In this tutorial we use cosmicpy to recover some of the results from [YooDesjacques13].

Setting up the cosmology and the surveys

For this tutorial, we are going to use galaxy surveys following a Gaussian selection function of the form:

\[\Phi(r) = e^{-(r/r_0)^2}\]

Here, we are using \(r_0 = 2354 \quad h^{-1}\) Mpc. The resulting volume of the survey is computed for a Gaussian selection function using \(V = \pi^{3/2} r_0^3\).

The average galaxy density is set to \(\bar{n} = 10^{-4} (h^{-1} \mathrm{Mpc})^{-3}\) which corresponds to a total number of galaxies in survey \(N\) computed as:

\[N = \bar{n} V = 7,263,470\]

We create a survey following these parameters in cosmicpy using:

In [1]: from cosmicpy import *

In [2]: cosmo = cosmology()

In [3]: r0 = 2354.0

In [4]: survey_volume = pi**(3.0 / 2.0) * r0**3

In [5]: N = survey_volume * 10**(-4)

In [6]: ngal = N /(4.0* pi)/((180.0/pi)**2)/(60.0*60.0) # Conversion to gal/ arcmin^2

In [7]: surv = survey(nzparams={'type':'gaussian','cosmology':cosmo, 'r0':2354.0}, zmax=7.0, fsky=1.0, ngal=ngal, biastype='constant')

In [8]: surv.N     # Checking the number of galaxies in the survey
Out[8]: 7263470.626200338

In [9]: surv.ngal # Checking the mean galaxy density per square arcmin
Out[9]: 0.048908749054432946

Below, we plot the selection function along with the normalized galaxy density distribution:

In [10]: z = arange(0.001,7.0,0.01)

In [11]: pz = surv.nz(z)

In [12]: r = cosmo.a2chi(z2a(z))     # Convert redshift array into comoving distance

In [13]: phi = surv.phi(cosmo,r)     # Compute selection function for both survey

In [14]: figure(); subplot(211);

In [15]: xlabel('Redshift'); grid(); title('Galaxy density probability distributions');

In [16]: plot(z,pz);

In [17]: subplot(212);

In [18]: xlabel('Comoving distance [Mpc/h]'); grid();  title(r'Selection functions');

In [19]: plot(r,phi);
../_images/3DSFB-1.png

Computing 3D power spectra

In [20]: sp = spectra(cosmo,surv)

In [21]: l = [2, 5, 10]             # Array of angular multipoles

In [22]: k = logspace(-4,-0.65,100) # Array of wavenumbers

In [23]: cl = sp.cl_sfb(l,k,shotNoise=False,evol=False)*(survey_volume**2)/r0*(2*sqrt(2*pi))

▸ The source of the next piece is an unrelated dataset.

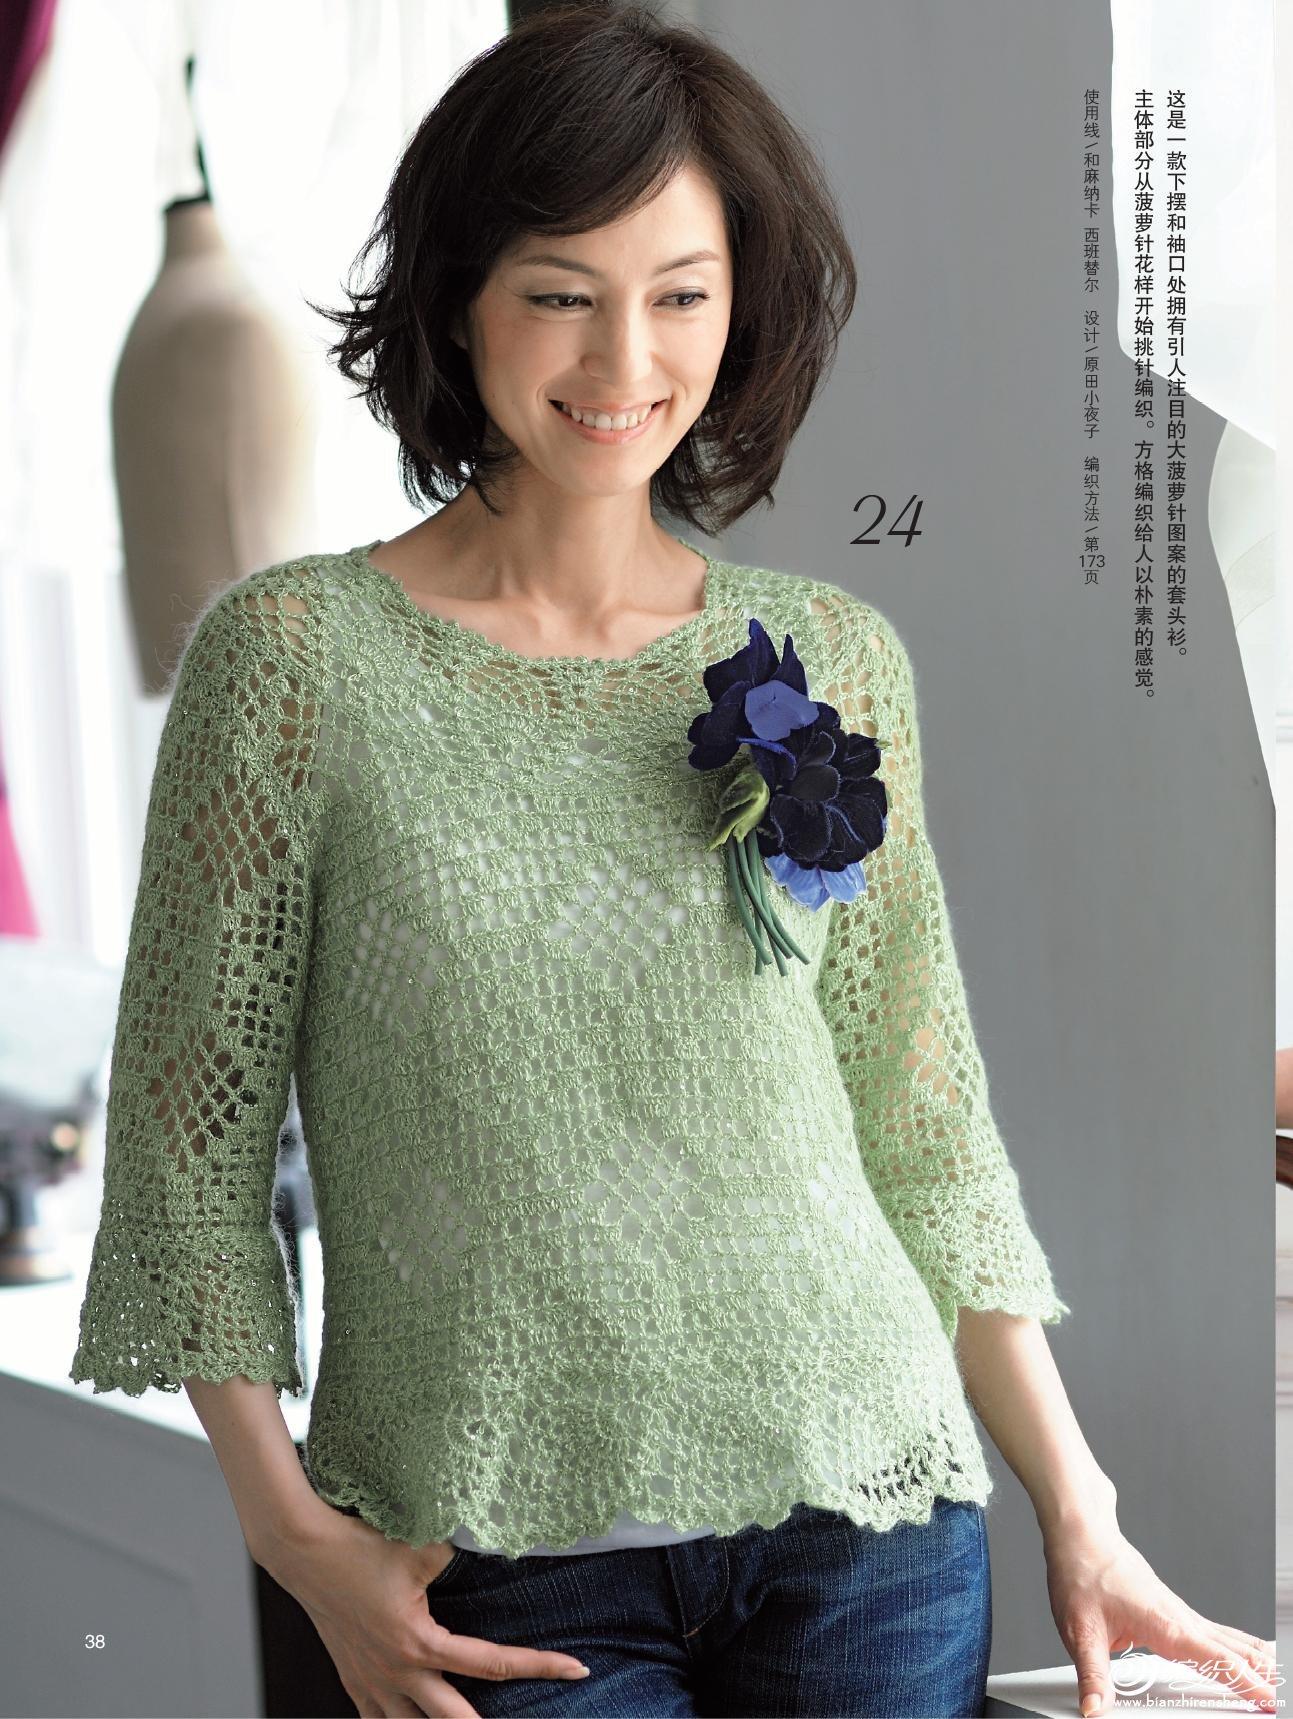 在线试读-70款超好搭的毛衫钩织内文-38.jpg
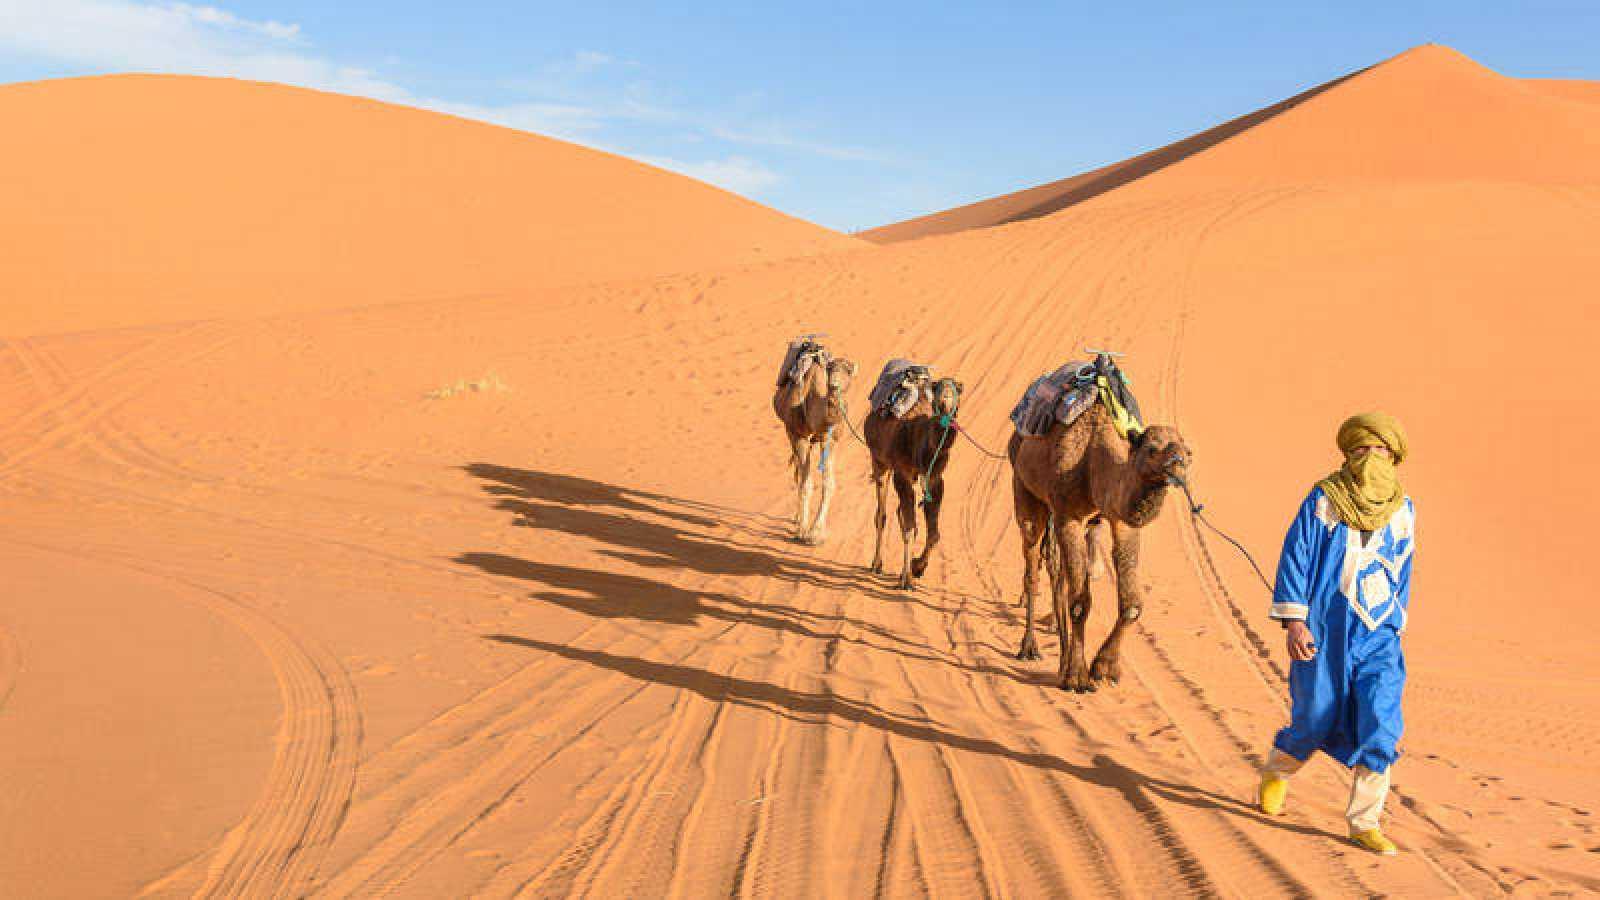 Desierto Del Sahara Mapa.Los Pastores Podrian Haber Participado Activamente En La

In [24]: cl_evol = sp.cl_sfb(l,k,shotNoise=False,evol=True)*(survey_volume**2)/r0*(2*sqrt(2*pi))

In [25]: cln = sp.cl_sfb(l,k,onlyNoise=True)*(survey_volume**2)/r0*(2*sqrt(2*pi))

In [26]: figure(); subplot(321);

In [27]: loglog(k,cl[0,:]); loglog(k,cln[0,:]); loglog(k,cosmo.pk_lin(k));

In [28]: ylim(1e2,6e4); xlim(0.0001,0.23);

In [29]: subplot(323);

In [30]: loglog(k,cl[1,:]);  loglog(k,cln[1,:]); loglog(k,cosmo.pk_lin(k));

In [31]: ylim(1e2,6e4); xlim(0.0001,0.23);

In [32]: subplot(325);

In [33]: loglog(k,cl[2,:]); loglog(k,cln[2,:]); loglog(k,cosmo.pk_lin(k));

In [34]: ylim(1e2,6e4); xlim(0.0001,0.23);

In [35]: subplot(322);

In [36]: loglog(k,cl_evol[0,:]); loglog(k,cln[0,:]); loglog(k,cosmo.pk_lin(k));

In [37]: ylim(1e2,6e4); xlim(0.0001,0.23);

In [38]: subplot(324);

In [39]: loglog(k,cl_evol[1,:]); loglog(k,cln[1,:]); loglog(k,cosmo.pk_lin(k));

In [40]: ylim(1e2,6e4); xlim(0.0001,0.23);

In [41]: subplot(326);

In [42]: loglog(k,cl_evol[2,:]); loglog(k,cln[2,:]); loglog(k,cosmo.pk_lin(k));

In [43]: ylim(1e2,6e4); xlim(0.0001,0.23);

In [44]: subplots_adjust(hspace=0);
../_images/3DSFB-2.png

References

[YooDesjacques13]J. Yoo and V. Desjacques. All-sky analysis of the general relativistic galaxy power spectrum. PhysRevD, 88(2):023502, July 2013. arXiv:1301.4501, doi:10.1103/PhysRevD.88.023502.